[Task instructions]: Could you retype every line below exactly, omitting the images?

[Data shown]:
• • • • • • •
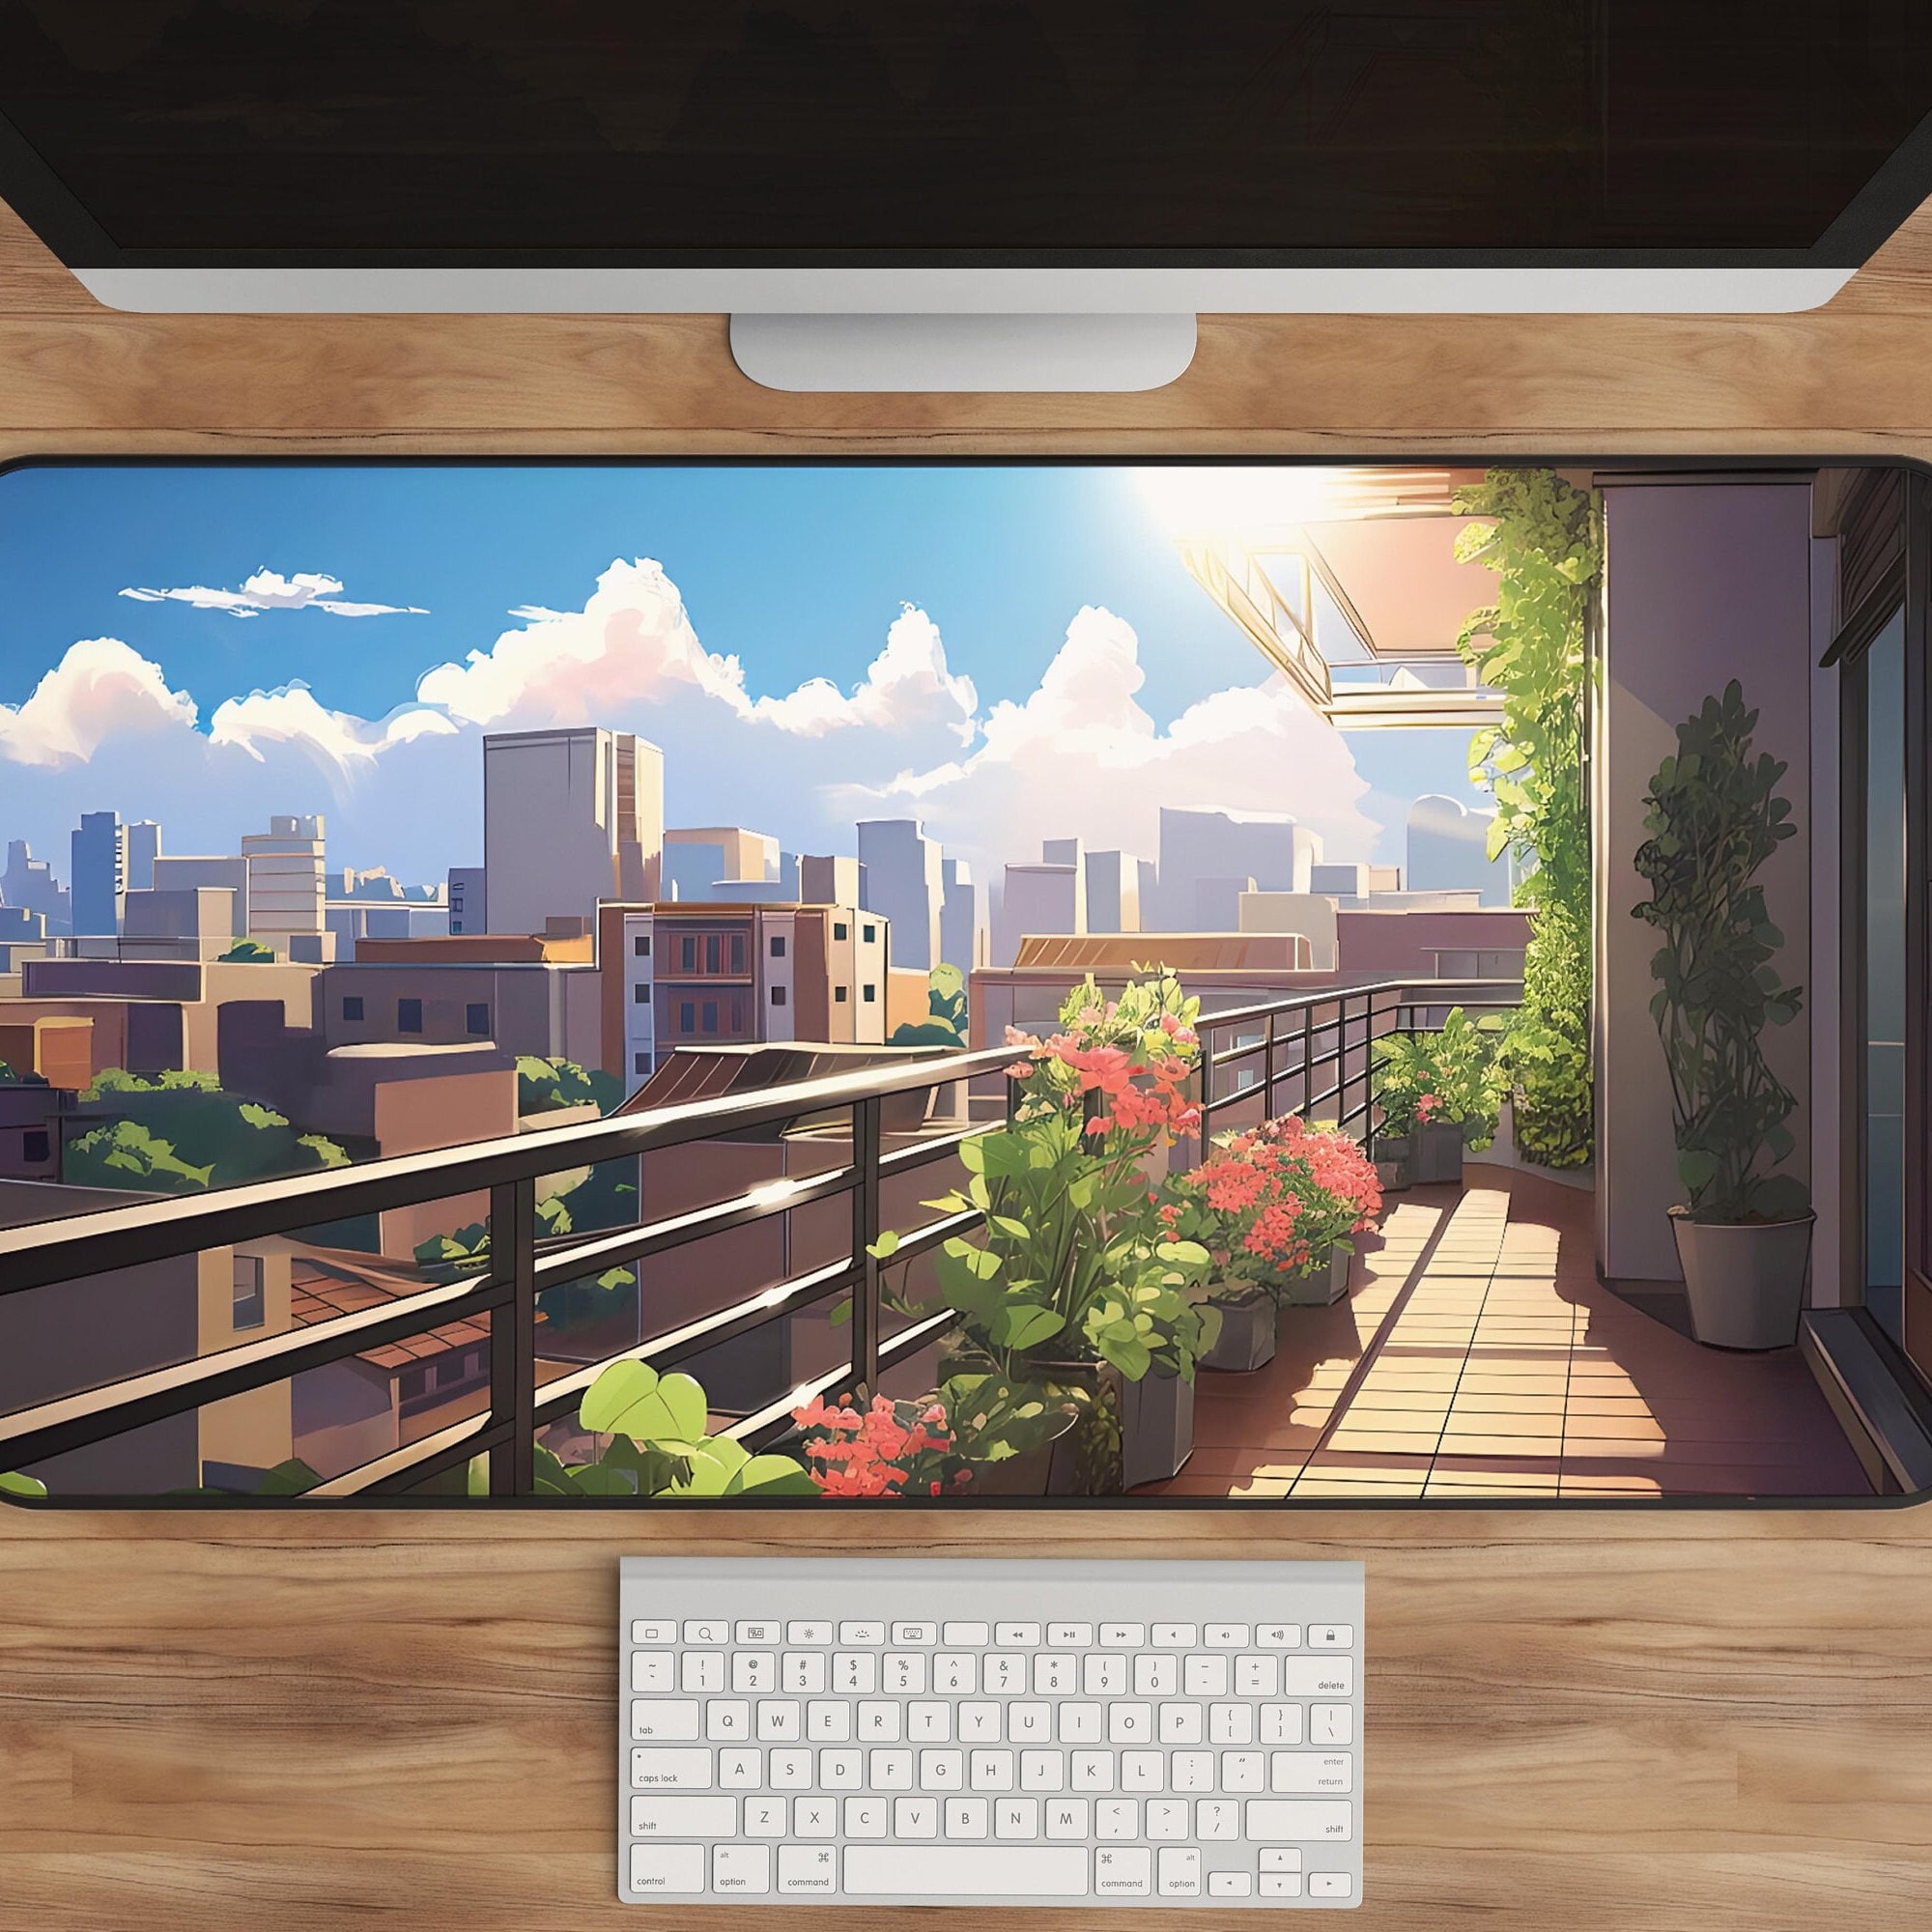 Anime Inspired Desk Decor by vivianwongart on DeviantArt
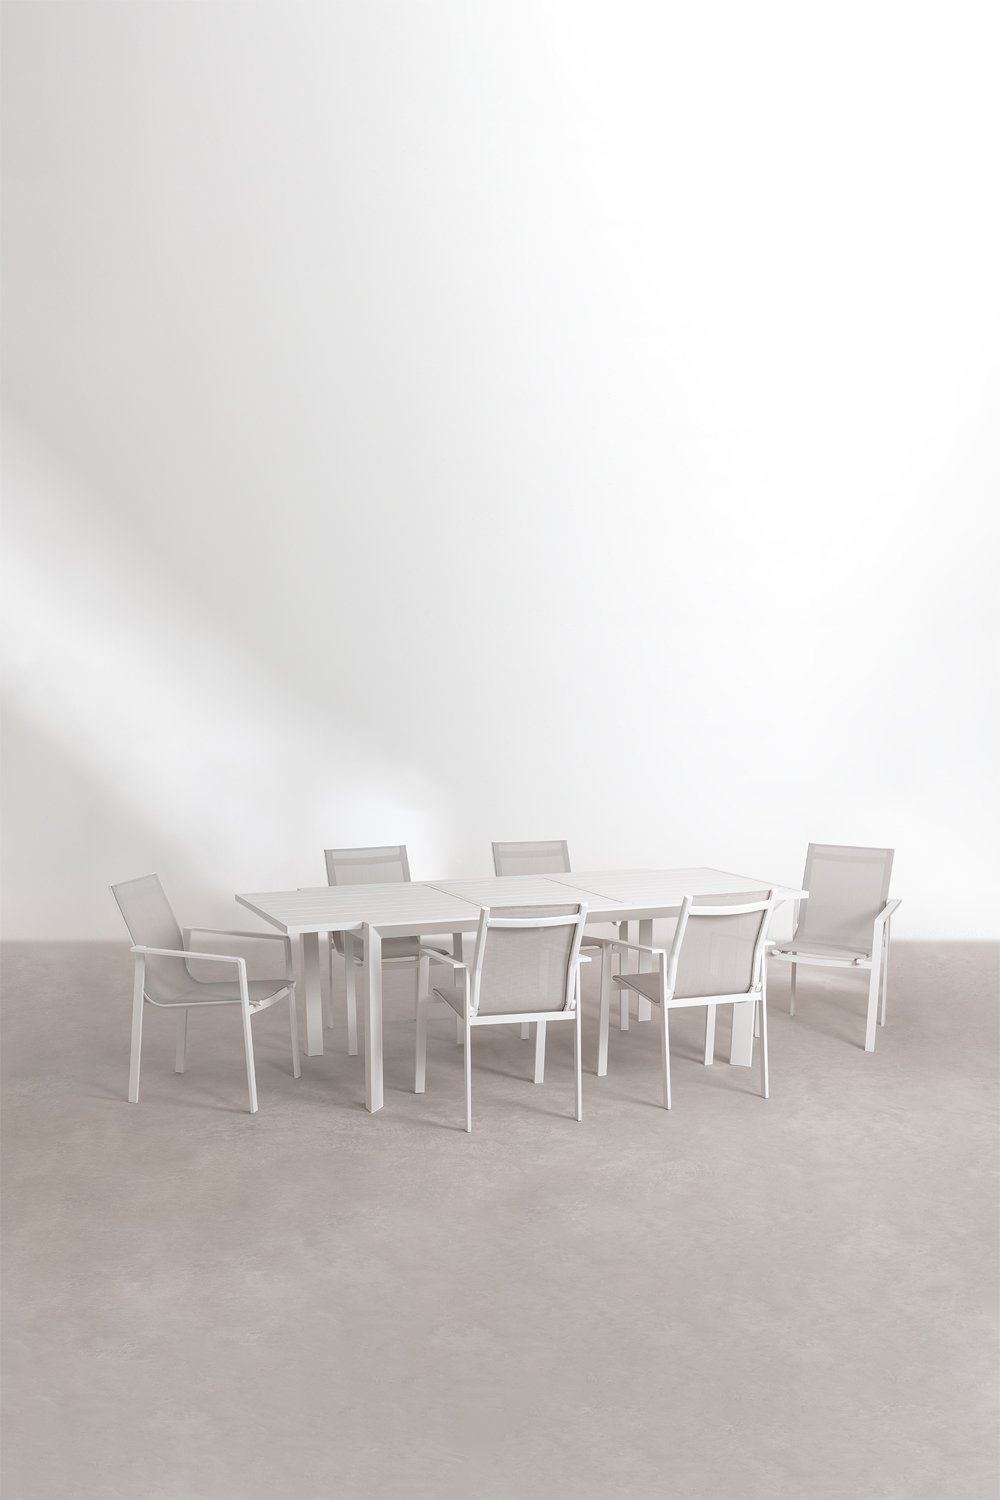  Set Tavolo Rettangolare Allungabile in Alluminio (180-240x100 cm) Starmi e 6 Sedie da Giardino Eika, immagine della galleria 1
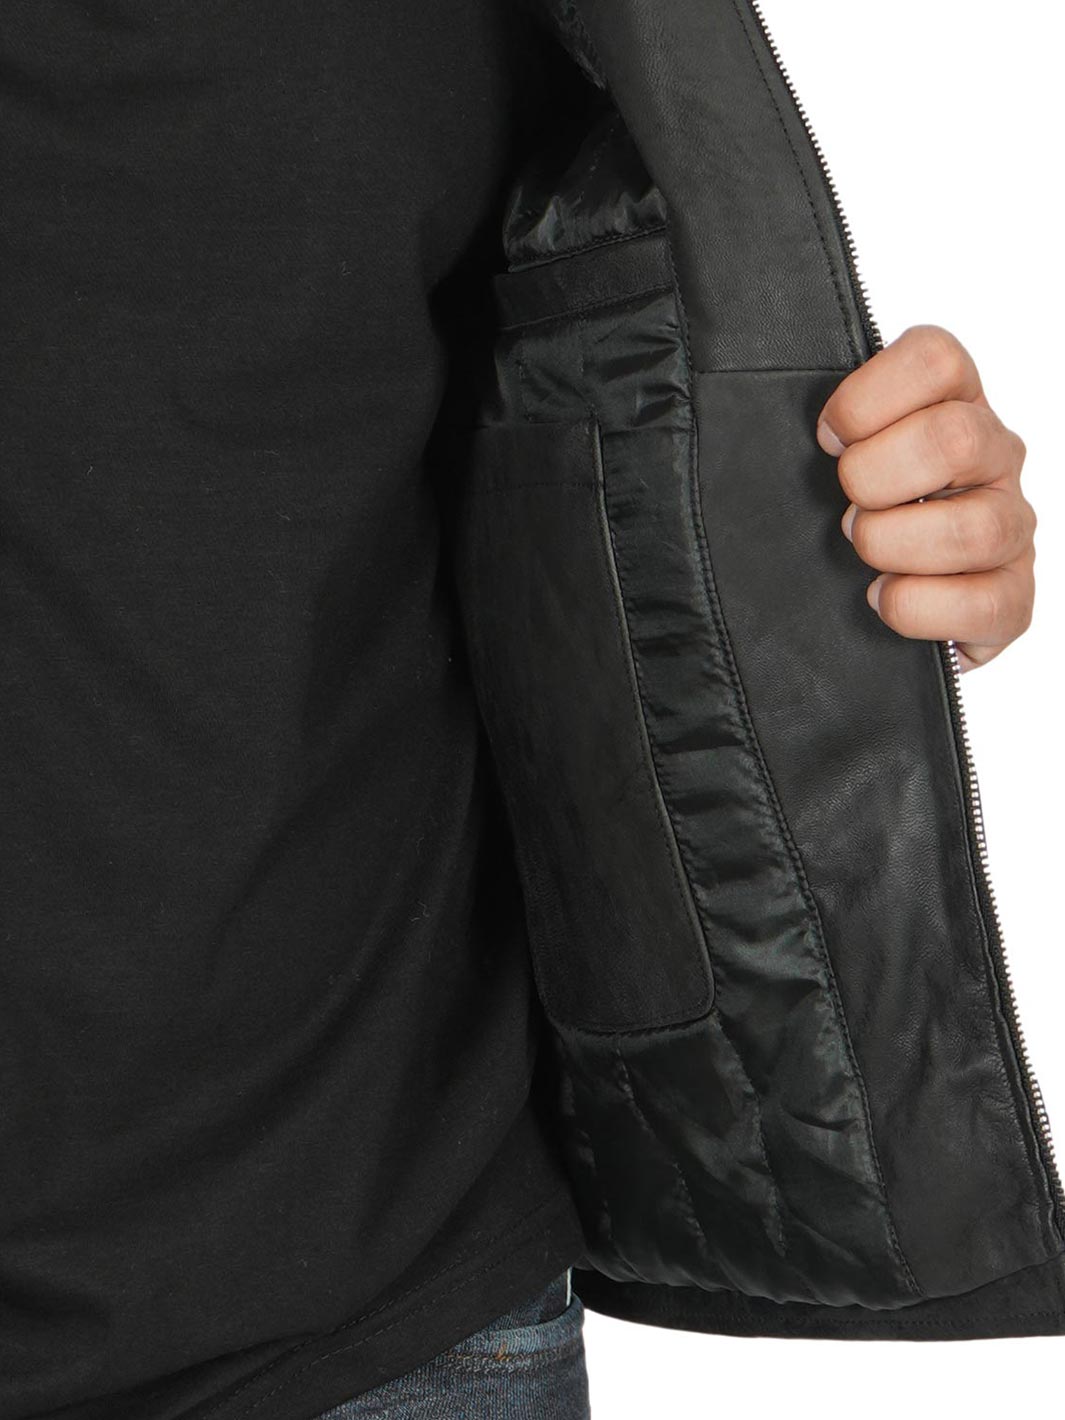 Dodge Men's Black Cafe Racer Snuff Leather Jacket
• • • • • • •
[Answer area]:
 Anime Inspired Desk Decor by vivianwongart on DeviantArt
  Set Tavolo Rettangolare Allungabile in Alluminio (180-240x100 cm) Starmi e 6 Sedie da Giardino Eika, immagine della galleria 1
 Dodge Men's Black Cafe Racer Snuff Leather Jacket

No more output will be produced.